→ Assignment: From the line with "Nachhaltige minimalistische Erstausstattung" to the line with "Receta de ensalada", output every line below exactly, both ends included. Skip the pictures.
Start of Records for this task
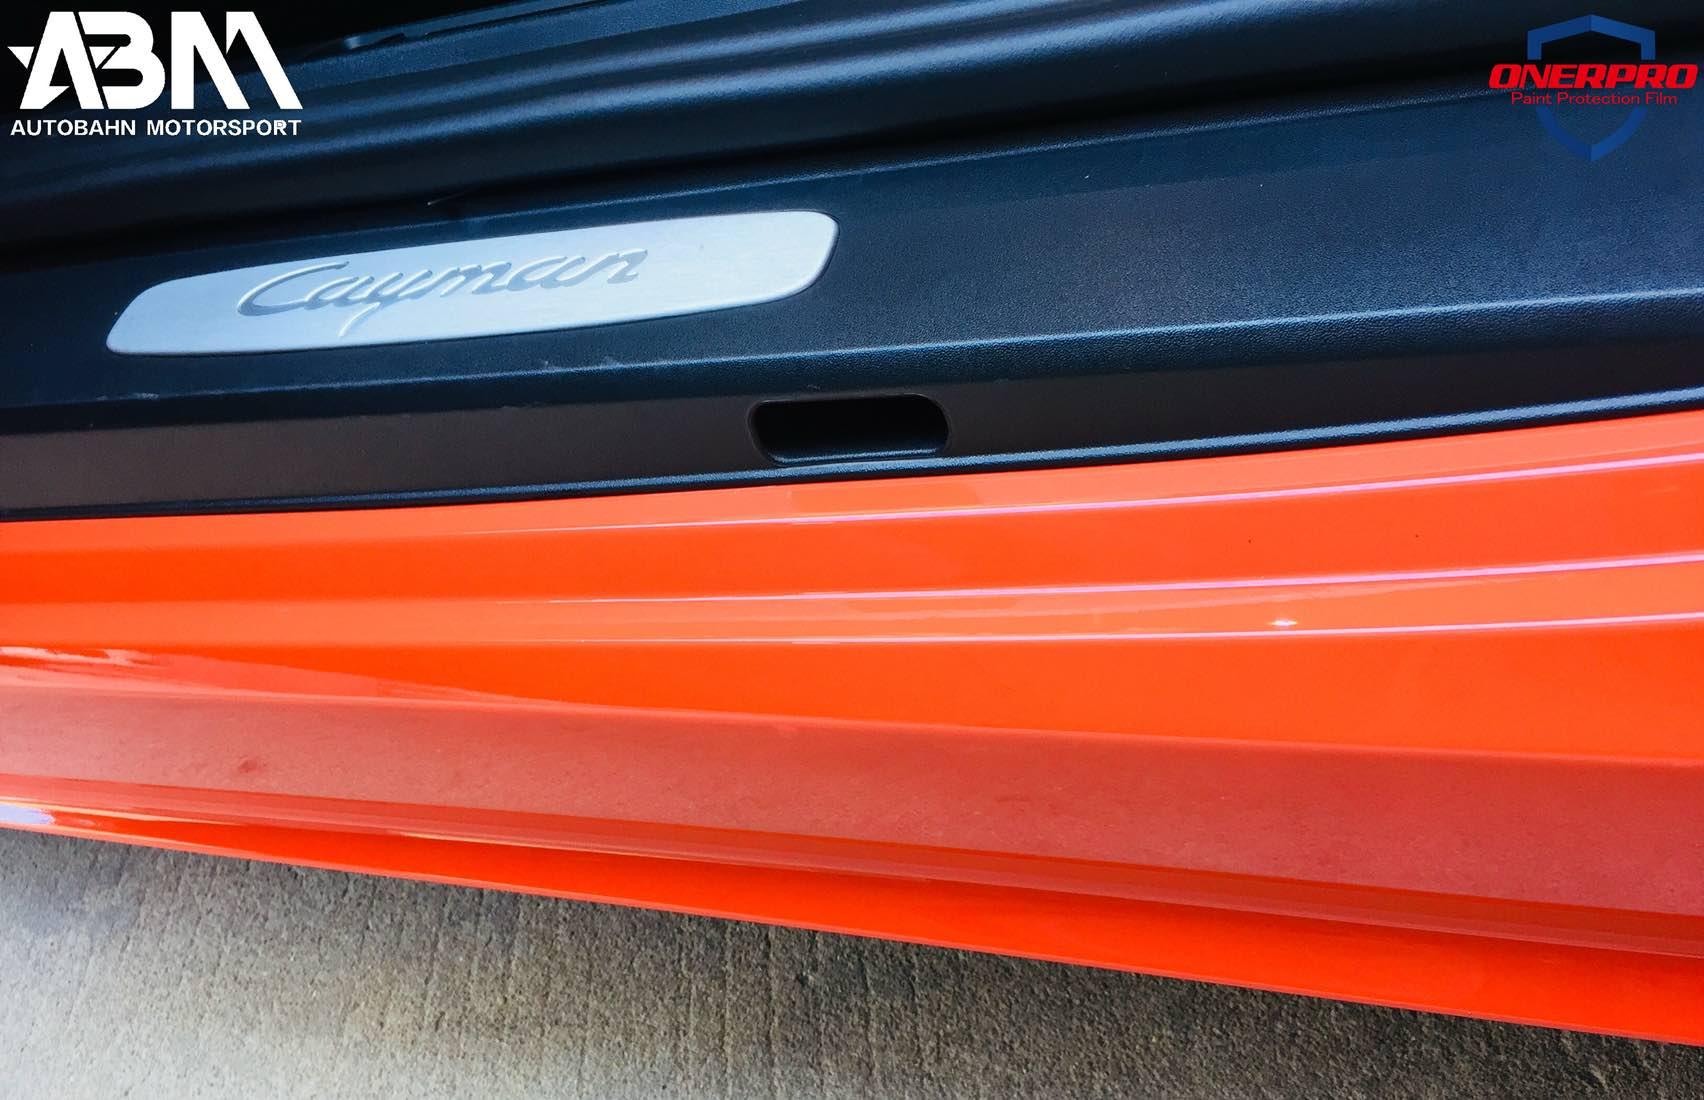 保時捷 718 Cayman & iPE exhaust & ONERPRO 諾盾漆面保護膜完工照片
End of Records for this task
Start of Records for this task
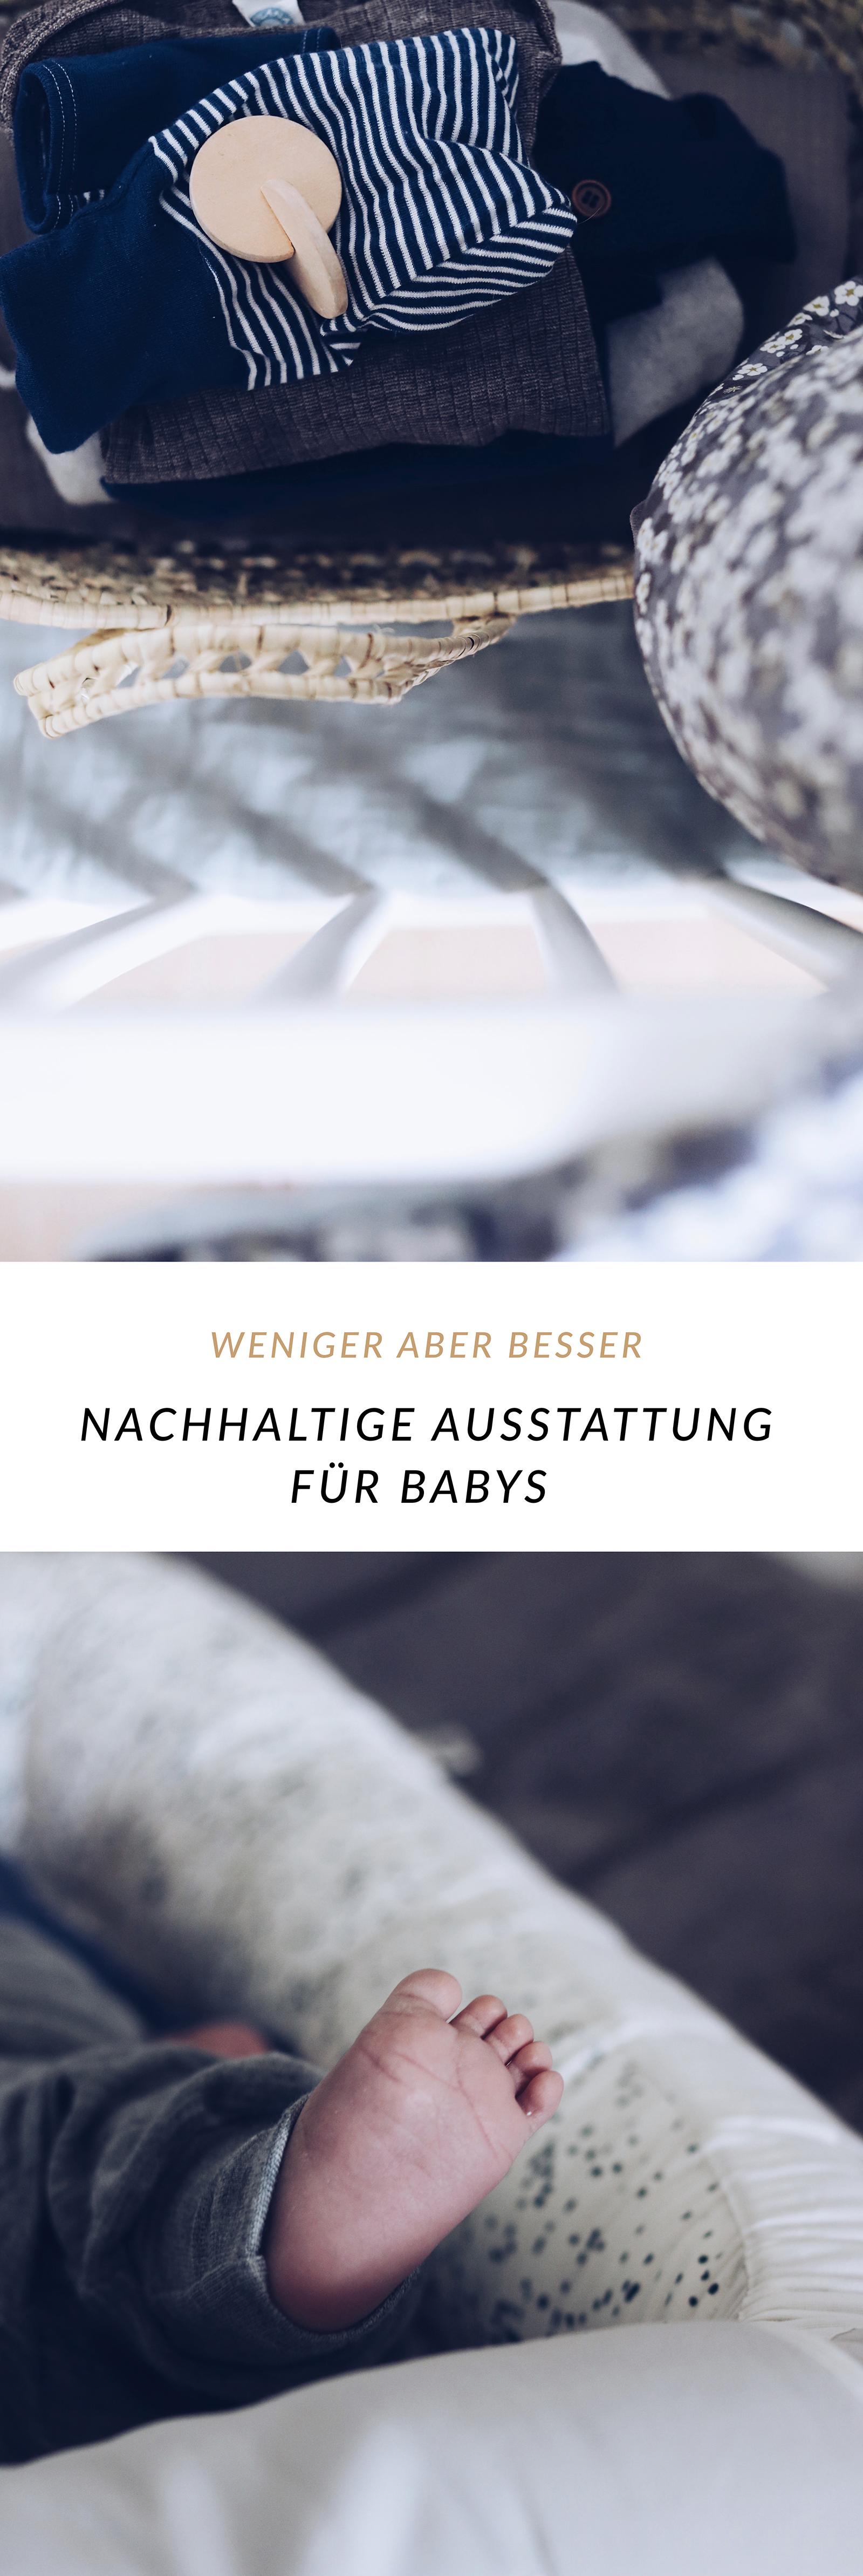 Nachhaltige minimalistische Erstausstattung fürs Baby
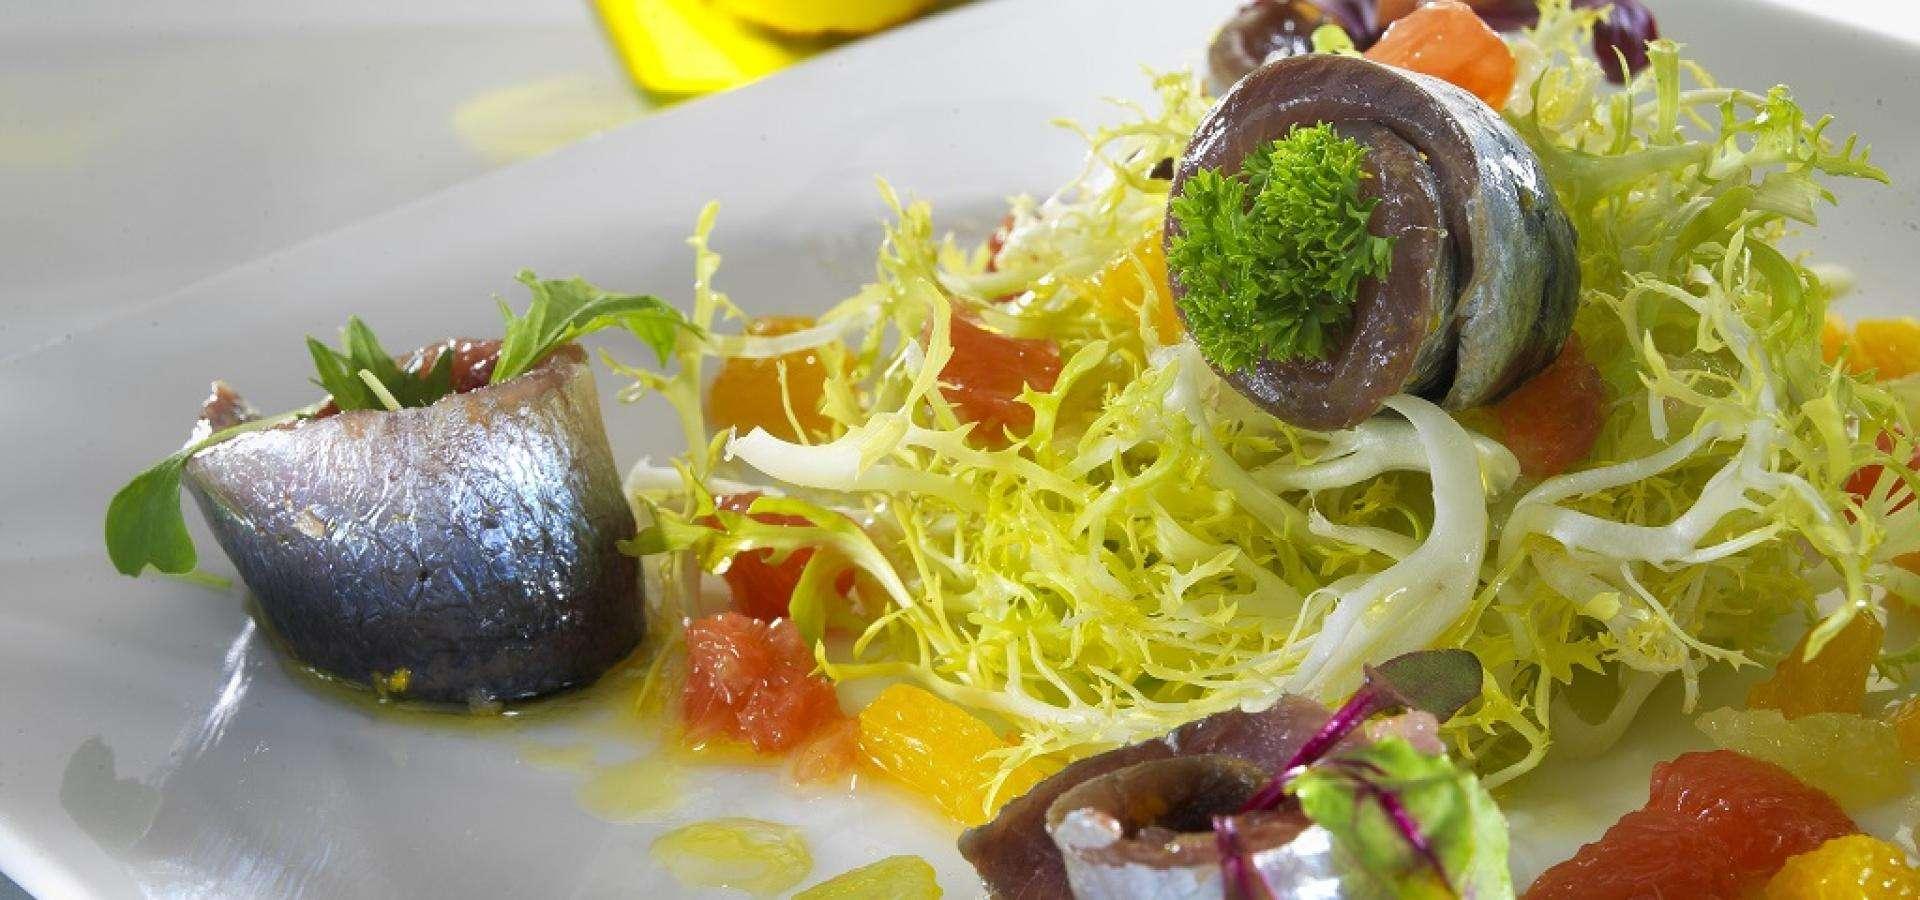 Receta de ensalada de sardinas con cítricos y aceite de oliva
End of Records for this task
→ Your response:
 Nachhaltige minimalistische Erstausstattung fürs Baby
 Receta de ensalada de sardinas con cítricos y aceite de oliva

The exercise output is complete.